An escape hatch, yes it would work, but the hardship would be on the user.
Here it is: https://github.com/green-coder/vrac/blob/diy-furry/src/vrac/model.cljc#L25-L30
The escape hatch may not work well for the user in the case the model is using recursion, like in this example. That would become Malli -> fn -> Malli -> fn ...
Hi all! I've been working for a while on fabricate
, a static website generator that takes advantage of malli
in order to both provide a model for semantically valid HTML/Hiccup forms and to define its own order of operations. I wrote a post about my experience using malli
schemas to define a finite state machine that dispatches functions on the basis of the schemas matched by the data passed in to them, which I have taken to calling "finite schema machines."
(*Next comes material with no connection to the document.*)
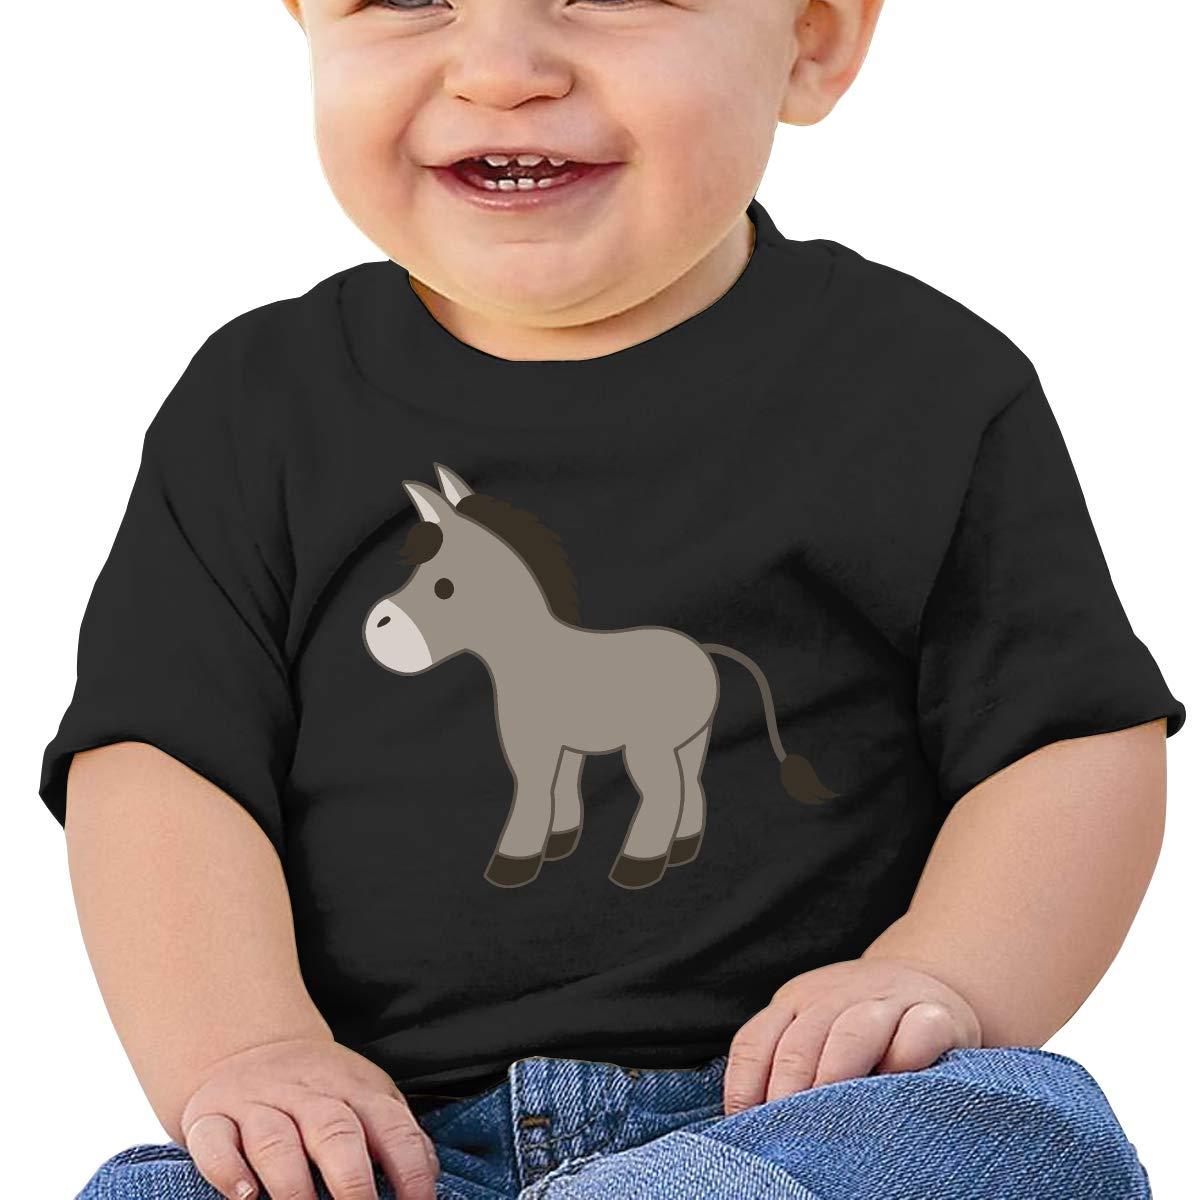 ZUGFGF-S3 Cartoon Donkey Newborn Baby Newborn Short Sleeve Tee Shirt 6-24 Month Cotton Tops

https://fabricate-site.github.io/fabricate/finite-schema-machines.html
I'd be really interested in what other users of malli
think about this concept. It's highly experimental, but I've already found it quite interesting and useful.
This looks very interesting and I've had FSMs on my mind recently. Will need to give a deeper look
I've never worked with dependent types, but my impression of malli
is that you get a lot of the benefits of dependent types without a static type system. that said, when I think about how to validate/check these FSM definitions for cycles or non-termination at definition/compile time, I wonder how close I'm actually getting to reinventing a type system.